Um carro nascido do acaso
O IPA 300, concebido em versões coupé de dois lugares e para famílias com duas crianças, nasceu de um acaso, ao qual se juntou a paixão e o engenho de João Monteiro da Conceição, engenheiro e empresário de Porto de Mós.
Quis o destino que, certo dia, quando António Gonçalves, um apaixonado por automóveis, se passeava na zona do Chão da Feira, em plena EN1, o seu Lusito – um pequeno protótipo automóvel – sofresse uma avaria, mesmo junto à oficina de metalomecânica de Monteiro da Conceição, que foi chamado a ajudar.

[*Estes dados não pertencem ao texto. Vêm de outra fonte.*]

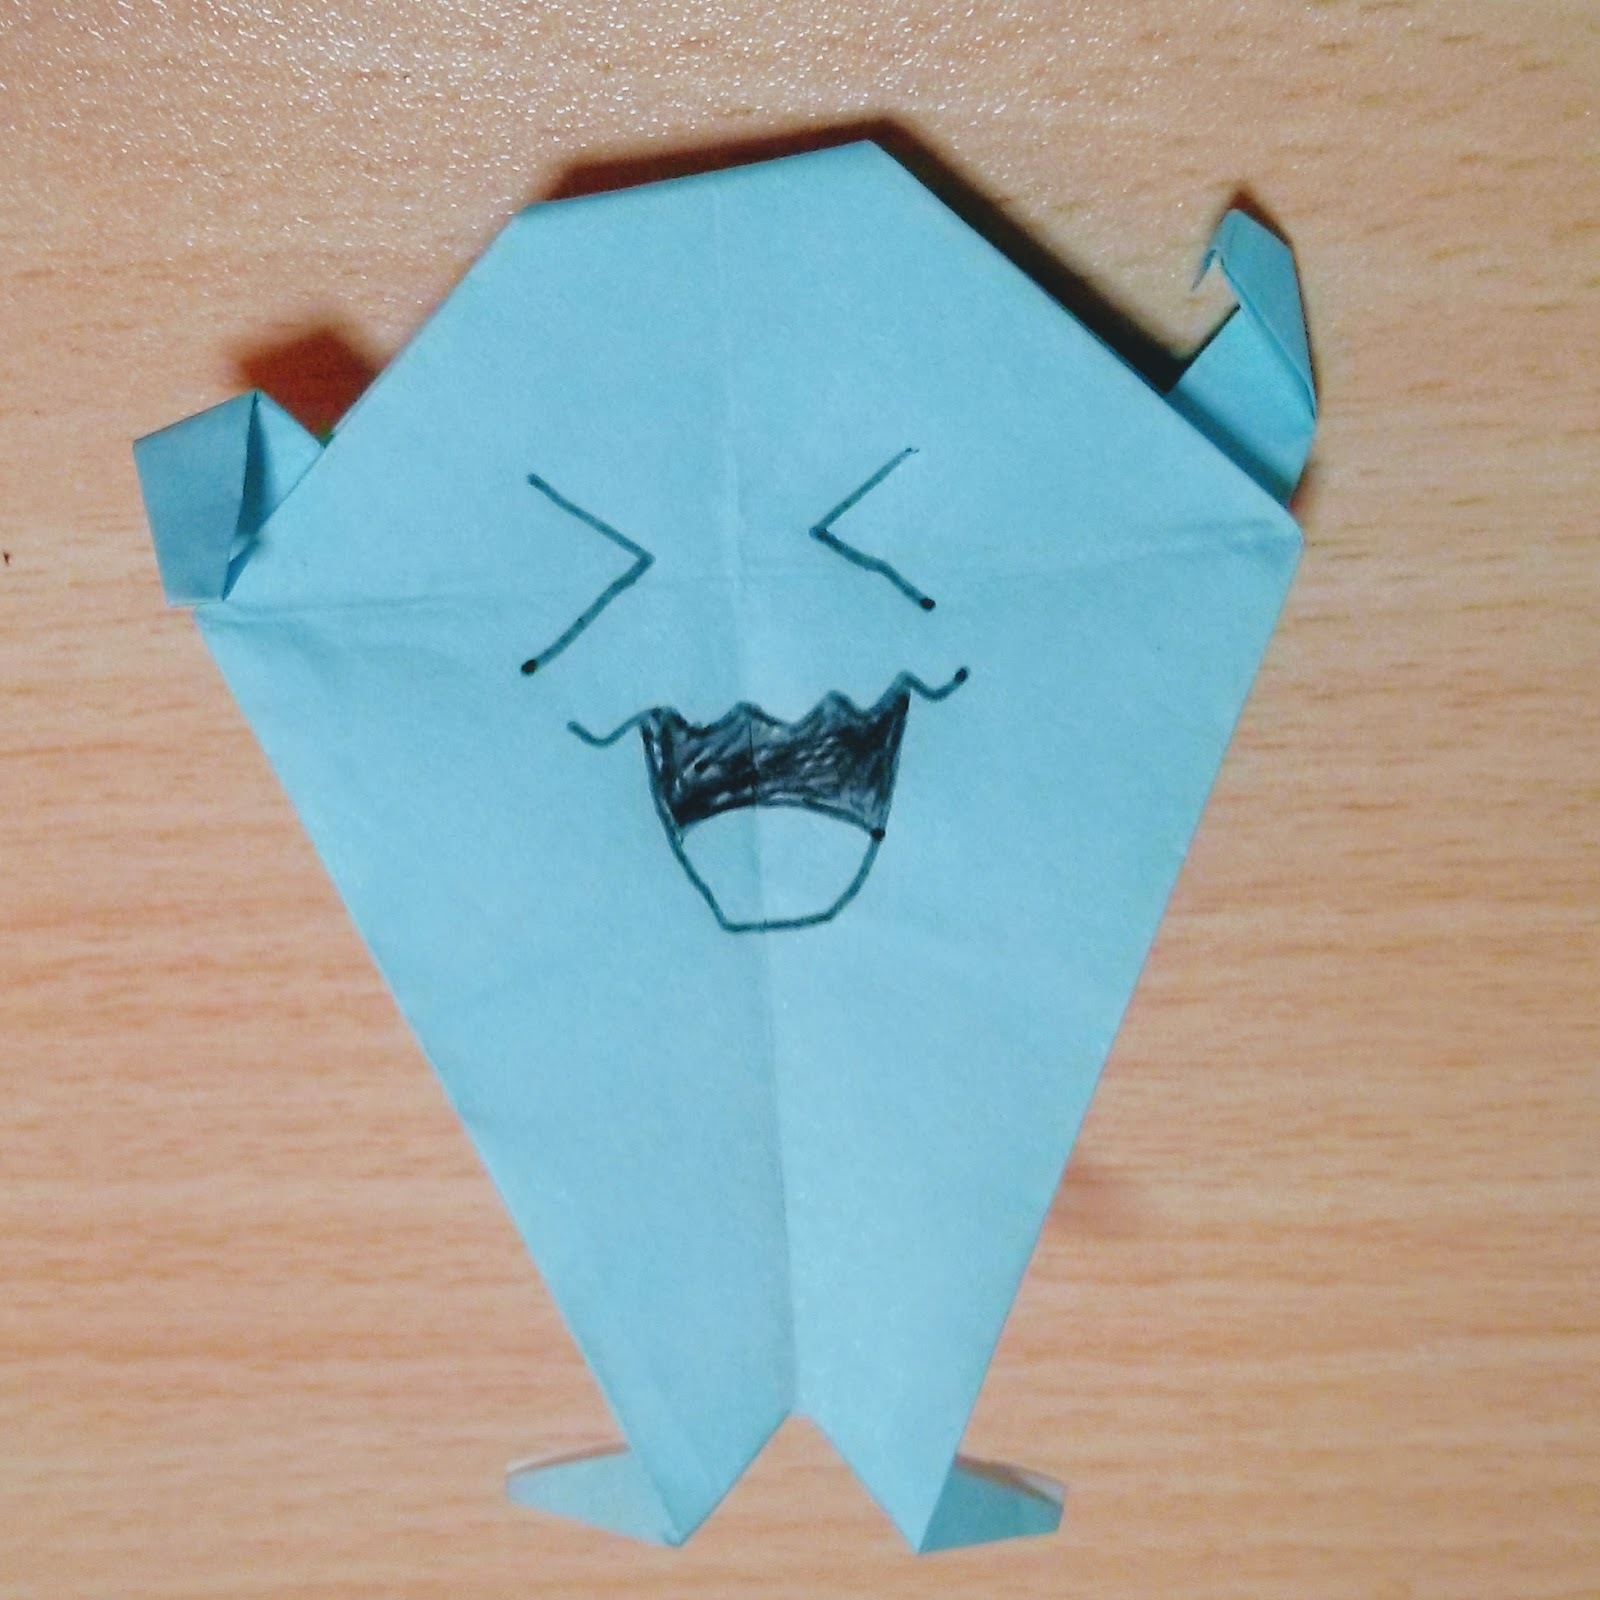 折り紙で作る人気 伝説のポケモンキャラクター18選 全身立体の折り方とは 6ページ目 暮らし の

Estávamos em 1954 e nascia, assim, uma parceria que levaria os dois a constituírem uma sociedade: a Indústria Portuguesa de Automóveis – O Quadriculo Lda.
“O meu pai tinha uma paixão muito grande por automóveis e, apesar da sua formação em ser em engenharia civil, tinha experiência em engenharia de minas e de máquinas, fruto do trabalho que teve na Empresa Mineira do Lena”, contou, então, José Charters Monteiro.
O filho de Monteiro da Conceição lembrou que, durante a II Guerra Mundial, a propósito da escassez de gasolina, o pai esteve envolvido na adaptação de carros com motor de compressão, fazendo-os trabalhar a gasogénio. “Instalava-lhes numa bagageira externa um mecanismo onde queimava carvão, que alimentava o veículo”.
Nos anos seguintes, Monteiro da Conceição pôs todo o seu saber e muitos dos seus recursos financeiros no projecto de, a partir do Lusito, construir um automóvel que pudesse a ser fabricado em série.
“A base mecânica [do IPA 300] era a do veículo inglês Astra”, pode ler-se no site do Museu do Caramulo, que cita um memorando escrito em 1956 por Monteiro Conceição, onde este explica que tiverem de recorrer à indústria estrangeira para encontrar determinados constituintes para o carro (caixa de velocidades, diferencial, direcção, travões e alguns artigos eléctricos).
Produção em série proibida
Todo o trabalho de desenvolvimento com o carro foi feito na plataforma onde, em tempos, tinha funcionado a Empresa Mineira do Lena e, mais recentemente, a Ricel, na Corredoura, Porto de Mós.
“Durante quase cinco anos, trabalharam ali entre 20 a 25 pessoas. Puseram-se no projecto muitos recursos financeiros”, contou, em 2015, José Charters Monteiro, adolescente na altura. “Fiz muitos quilómetro de teste, que eram realizados no perímetros da fábrica.”
Os dois protótipos desenvolvidos foram homologadas e receberam matrículas e livretes, tendo sido “feitas encomendas de pré-série para cinco carros, mas só foram executados dois exemplares”.
Em 1956, a sociedade fez uma petição, para conseguir licença para a produção em série, que, no entanto, nunca foi obtida.
O processo teve “a oposição do então secretário de Estado da Indústria, que havia já optado por outra direcção na política industrial e que passava pela montagem no nosso País de veículos de marcas europeias e americanas”, explicava o site do Museu do Caramulo.
O processo encerrou definitivamente com uma proibição regulamentar que tinha como alvo o projecto do IPA.
Os dois exemplares foram arrumados a um canto da fábrica. E aí ficaram durante décadas até que, já depois do falecimento do pai, em 1987, Charters Monteiro os encontrou “rodeados de muitos sucata”.
Um deles foi recuperado e “começou a ter vida social”, com a exibição em algumas exposições.
Os dois exemplares, assim como o protótipo, irão agora regressar a Porto de Mós.